The part below that opens with the line containing "Husqvarna Husqvarna 150BT" and closes with the line containing "Michael Kors Aubrey" should be copied exactly, minus any pictures.

── Material for this task

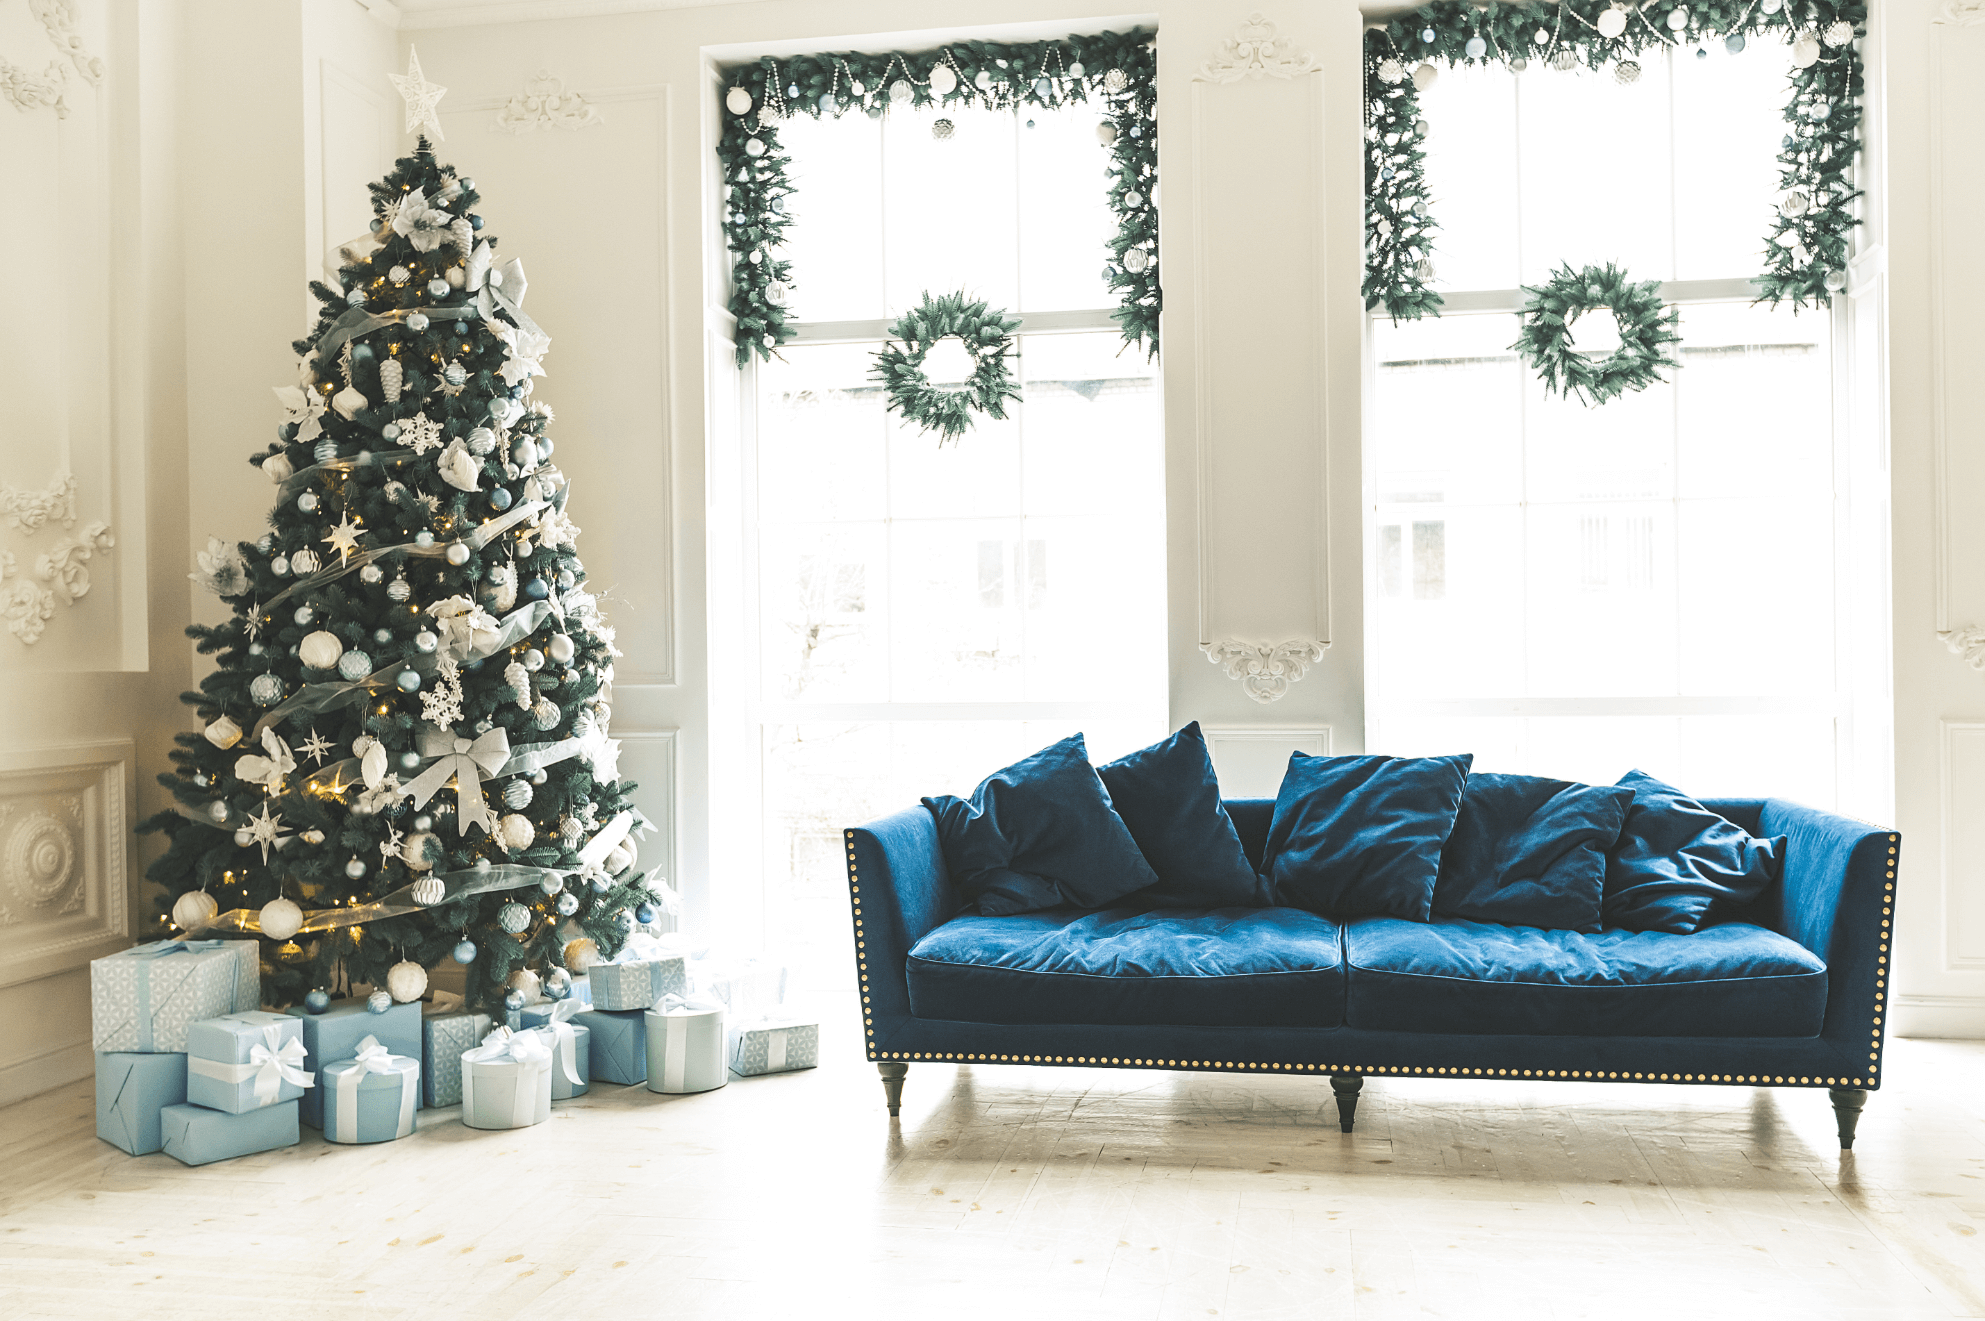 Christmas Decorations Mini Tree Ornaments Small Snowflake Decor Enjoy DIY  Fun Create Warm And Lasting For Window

────
── Material for this task

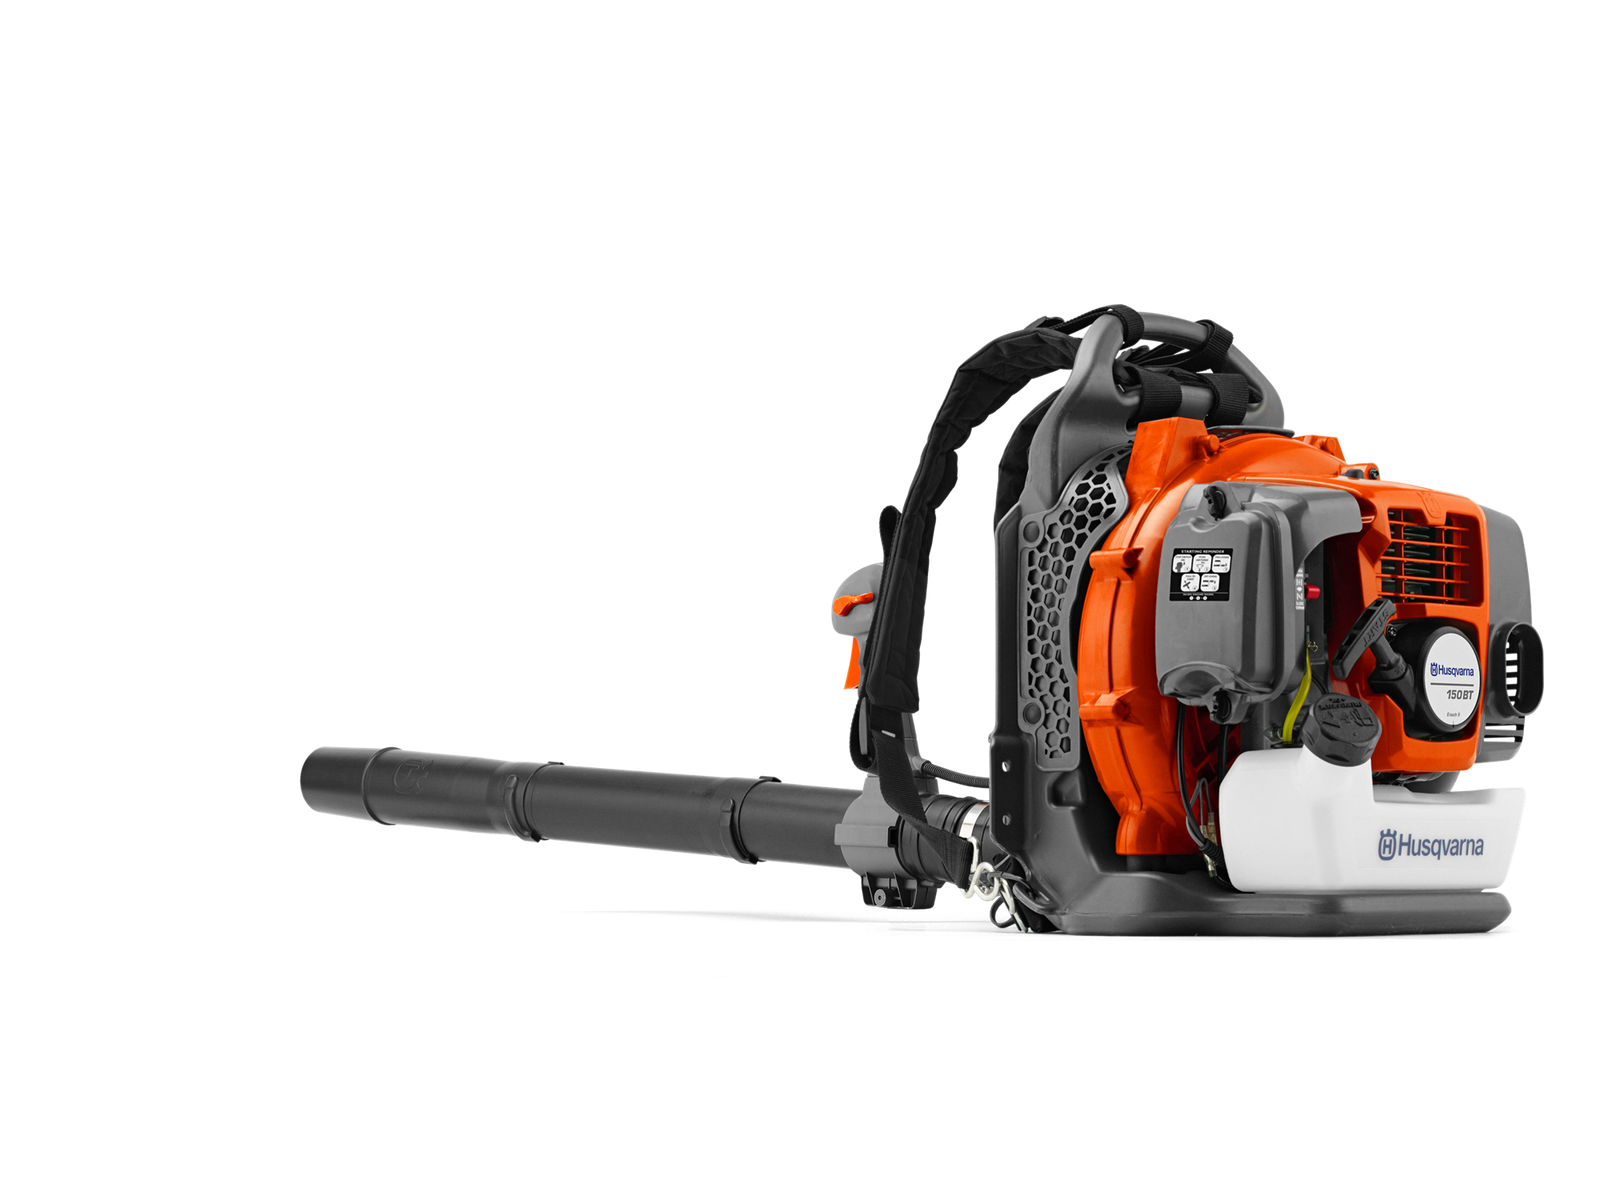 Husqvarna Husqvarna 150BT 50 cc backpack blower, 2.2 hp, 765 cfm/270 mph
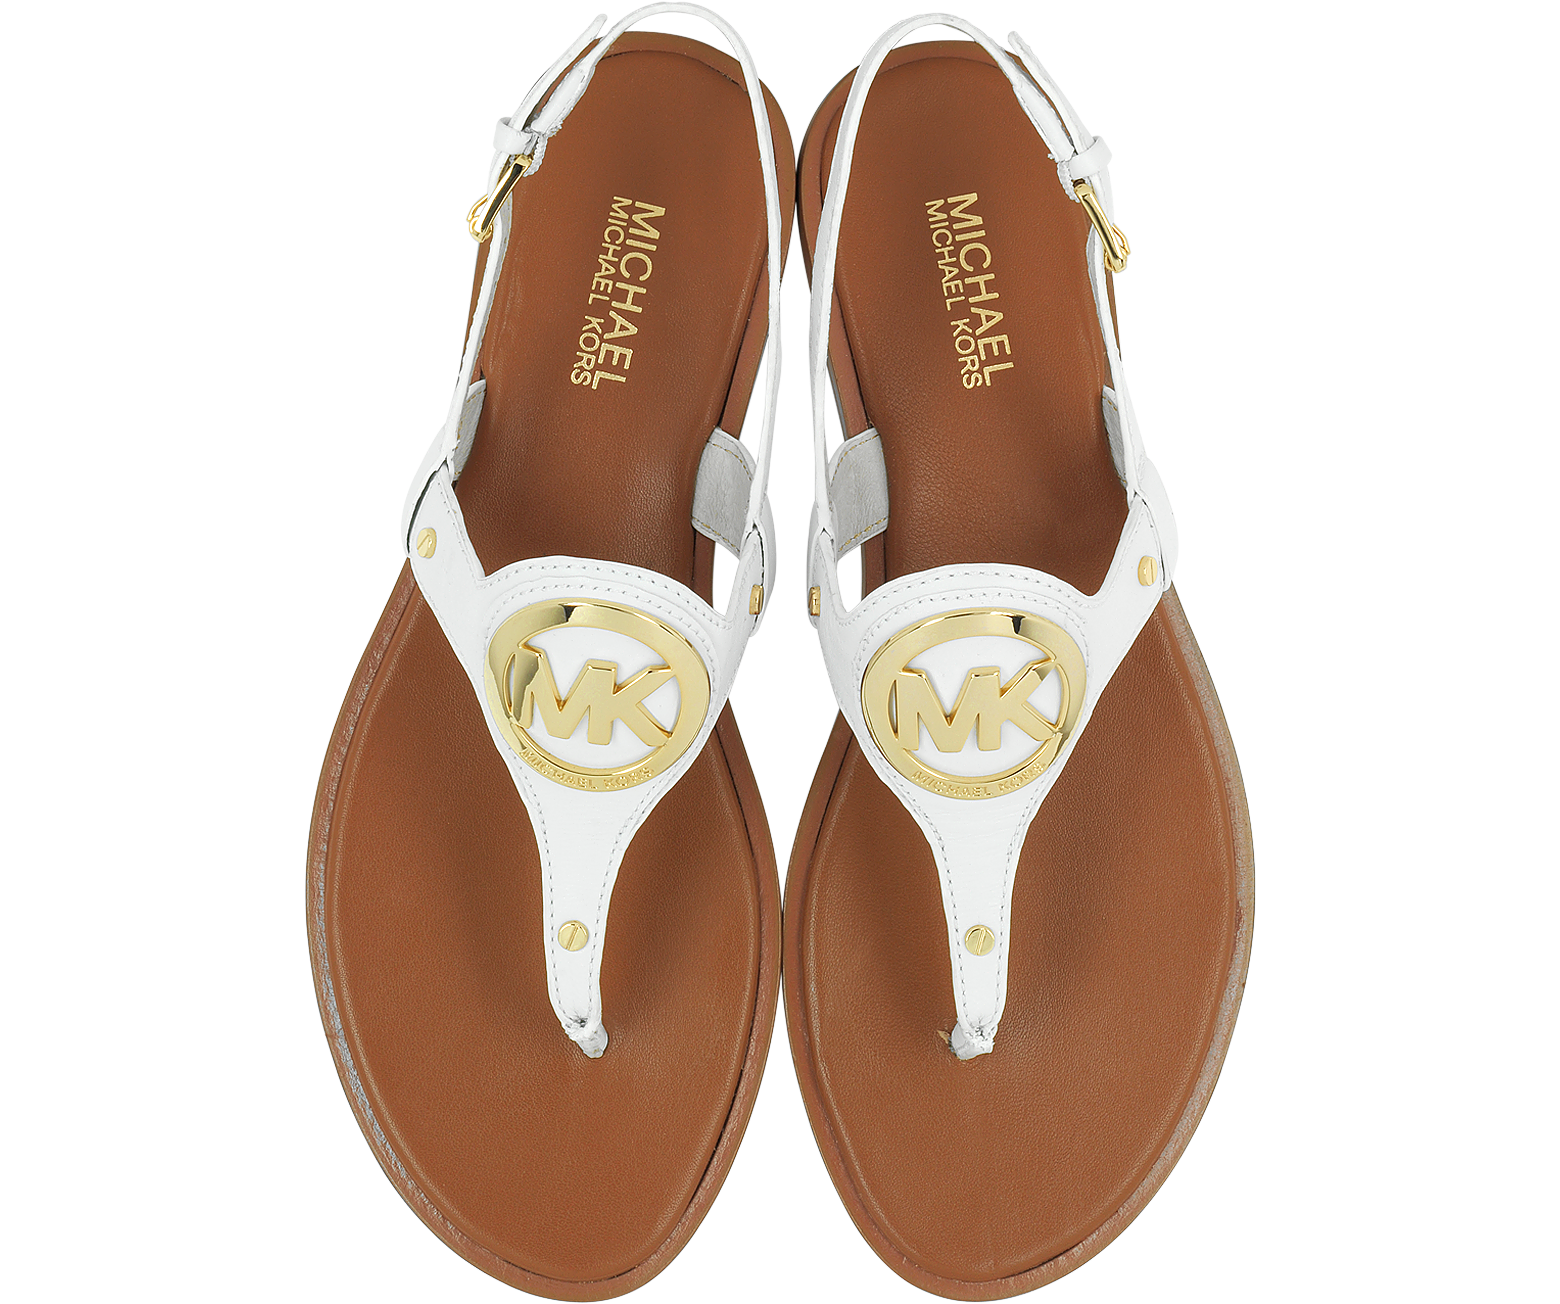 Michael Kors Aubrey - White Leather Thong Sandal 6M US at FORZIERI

────
── Material for this task

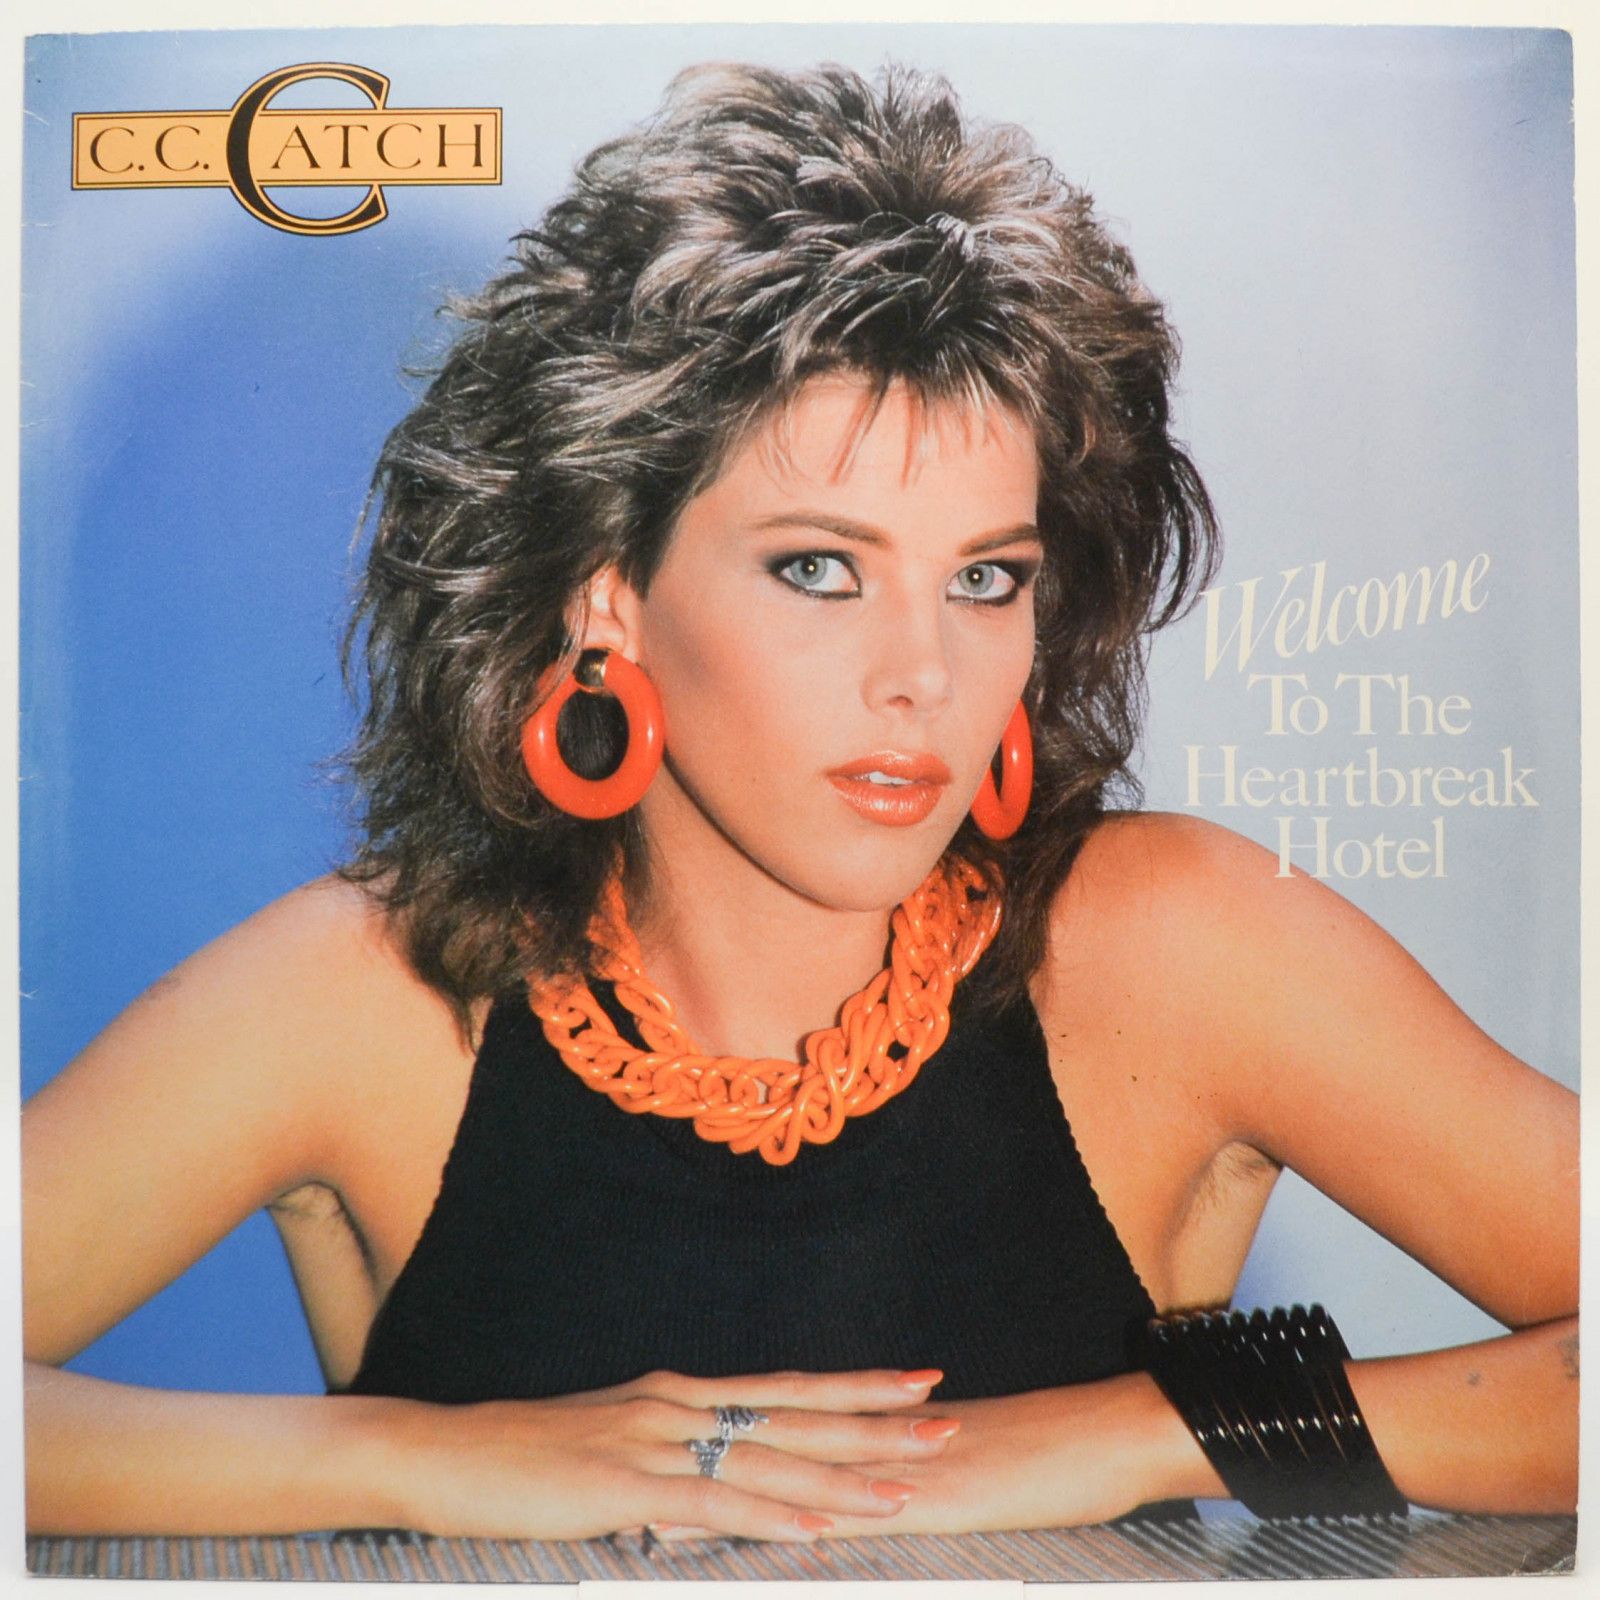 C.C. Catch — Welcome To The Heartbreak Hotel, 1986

────

> [Output for this task]
 Husqvarna Husqvarna 150BT 50 cc backpack blower, 2.2 hp, 765 cfm/270 mph
 Michael Kors Aubrey - White Leather Thong Sandal 6M US at FORZIERI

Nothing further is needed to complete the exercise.